Differentiating: \( 2y \frac{dy}{dx} = (2 - x)^2 + x \cdot 2(2 - x)(-1) = (2 - x)(2 - x - 2x) = (2 - x)(2 - 3x) \).
At \( (1, 1) \), \( 2(1) \frac{dy}{dx} = (2 - 1)(2 - 3) = -1 \implies \frac{dy}{dx} = -1/2 \).
Equation of tangent: \( y - 1 = -\frac{1}{2}(x - 1) \implies 2y - 2 = -x + 1 \implies x = 3 - 2y \).
Substituting in curve: \( y^2 = (3 - 2y)(2 - (3 - 2y))^2 = (3 - 2y)(2y - 1)^2 \)
\( \implies y^2 = (3 - 2y)(4y^2 - 4y + 1) \)
\( \implies y^2 = 12y^2 - 12y + 3 - 8y^3 + 8y^2 - 2y \)
\( \implies 8y^3 - 19y^2 + 14y - 3 = 0 \).
Since \( y = 1 \) is a root (point of tangency), we can divide by \( (y-1)^2 \):
\( (y-1)^2(8y-3) = 0 \implies y = 3/8 \).
Then \( x = 3 - 2(3/8) = 3 - 3/4 = 9/4 \).
Point \( P \) is \( (9/4, 3/8) \).

Question. Find the angle of intersection of the curve \( y = 2 \sin^2 x \) and \( y = \cos 2x \).
Answer: For intersection point: \( 2 \sin^2 x = \cos 2x = 1 - 2 \sin^2 x \)
\( \implies 4 \sin^2 x = 1 \implies \sin^2 x = 1/4 \implies \sin x = \pm 1/2 \).
For \( y = 2 \sin^2 x \), \( m_1 = \frac{dy}{dx} = 4 \sin x \cos x = 2 \sin 2x \).
For \( y = \cos 2x \), \( m_2 = \frac{dy}{dx} = -2 \sin 2x \).
If \( \sin x = 1/2 \), then \( x = \pi/6 \), \( \sin 2x = \sin(\pi/3) = \sqrt{3}/2 \).
\( m_1 = \sqrt{3} \), \( m_2 = -\sqrt{3} \).
\( \tan \theta = | \frac{m_1 - m_2}{1 + m_1 m_2} | = | \frac{\sqrt{3} - (-\sqrt{3})}{1 + (\sqrt{3})(-\sqrt{3})} | = | \frac{2 \sqrt{3}}{1 - 3} | = | \frac{2 \sqrt{3}}{-2} | = \sqrt{3} \).
\( \implies \theta = \pi/3 \).

Question. Show that subnormal at any point on the curve \( x^2 y^2 = a^2(x^2 - a^2) \) varies inversely as the cube of its abscissa.
Answer: Curve is \( y^2 = \frac{a^2(x^2 - a^2)}{x^2} = a^2 - \frac{a^4}{x^2} \).
Differentiating with respect to \( x \):
\( 2y \frac{dy}{dx} = \frac{2a^4}{x^3} \)
Length of subnormal \( SN = y \frac{dy}{dx} = \frac{a^4}{x^3} \).
Thus, \( SN \propto \frac{1}{x^3} \). Proved.

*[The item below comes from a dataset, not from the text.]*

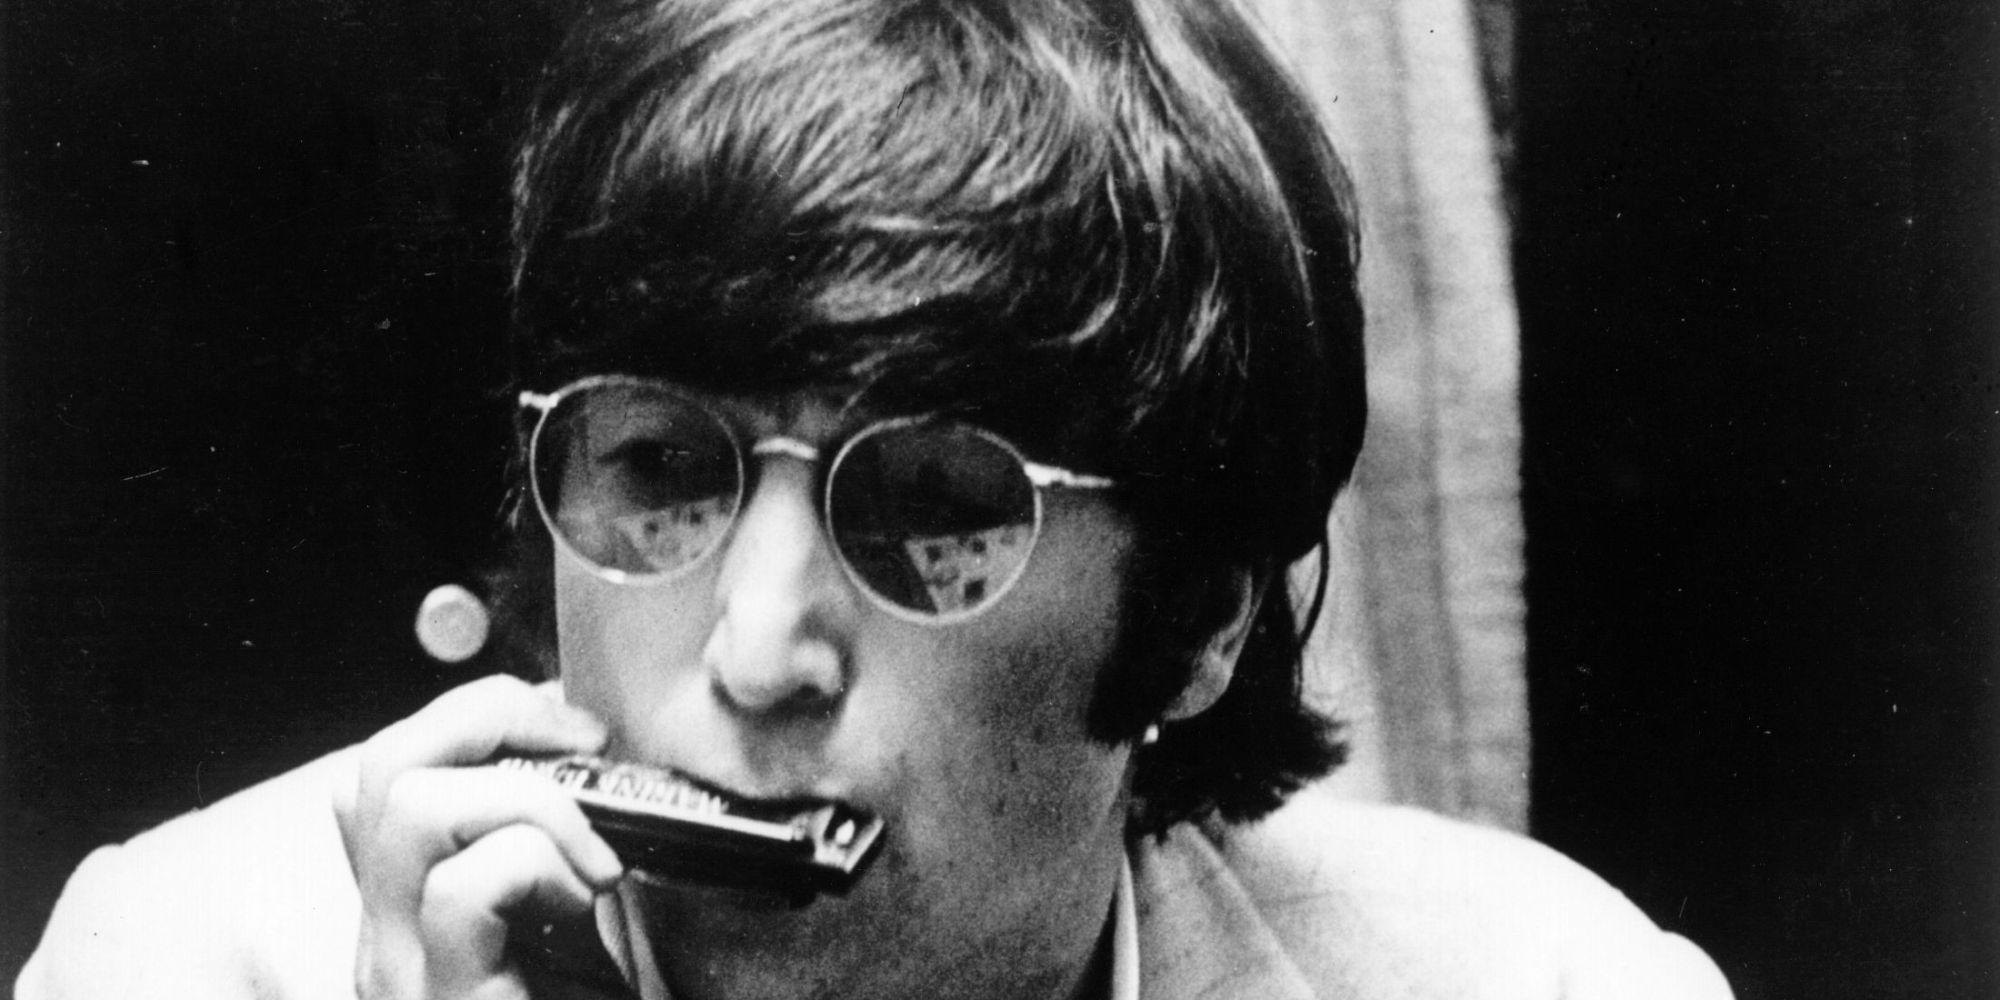 Killer Facebook Covers John Lennon Amazing Cover Songs To Celebrate Lennons Imagine Turning 42

Question. If x and y are sides of two squares such that \( y = x - x^2 \). Find the rate of change of area of second square with respect to the first square when \( x = 1 \text{ cm} \).
Answer: Area of first square \( A_1 = x^2 \), Area of second square \( A_2 = y^2 \).
We need \( \frac{dA_2}{dA_1} = \frac{dA_2/dx}{dA_1/dx} \).
\( \frac{dA_1}{dx} = 2x \).
\( A_2 = (x - x^2)^2 \).
\( \frac{dA_2}{dx} = 2(x - x^2)(1 - 2x) \).
At \( x = 1 \), \( \frac{dA_1}{dx} = 2 \) and \( \frac{dA_2}{dx} = 2(0)(-1) = 0 \).
So, \( \frac{dA_2}{dA_1} = \frac{0}{2} = 0 \).

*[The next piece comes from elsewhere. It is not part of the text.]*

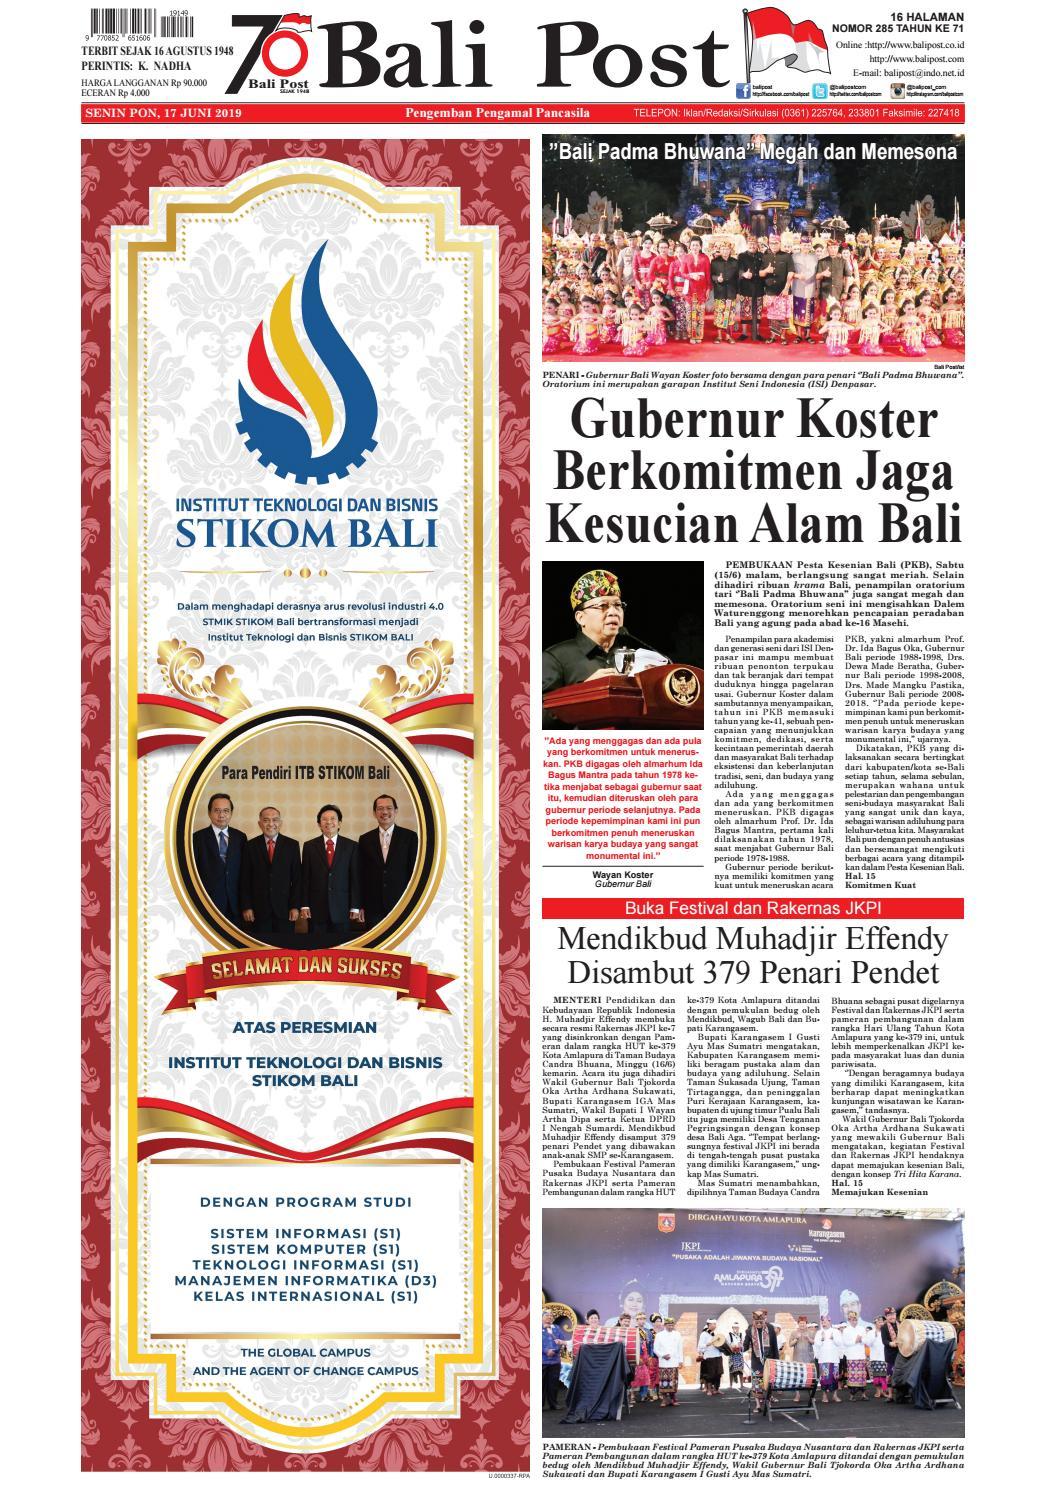 Asal tari dan jenis penampilan tari sesuai dengan gambar. Edisi Sanin 17 Juni 2019 Balipost Com By E Paper Kmb Issuu

Question. The tangent to the graph of the function \( y = f(x) \) at the point with abscissa \( x = a \) forms with the x-axis an angle of \( \pi/3 \) and at the point with abscissa \( x = b \) at an angle of \( \pi/4 \), then find the value of the integral, \( \int_a^b f'(x) \cdot f''(x) dx \) [assume \( f''(x) \) to be continuous]
Answer: Given \( f'(a) = \tan(\pi/3) = \sqrt{3} \) and \( f'(b) = \tan(\pi/4) = 1 \).
Integral \( I = \int_a^b f'(x) \cdot f''(x) dx \).
Let \( f'(x) = t \), then \( f''(x) dx = dt \).
\( I = [ \frac{(f'(x))^2}{2} ]_a^b \)
\( I = \frac{1}{2} [ (f'(b))^2 - (f'(a))^2 ] \)
\( I = \frac{1}{2} [ 1^2 - (\sqrt{3})^2 ] = \frac{1}{2} (1 - 3) = -1 \).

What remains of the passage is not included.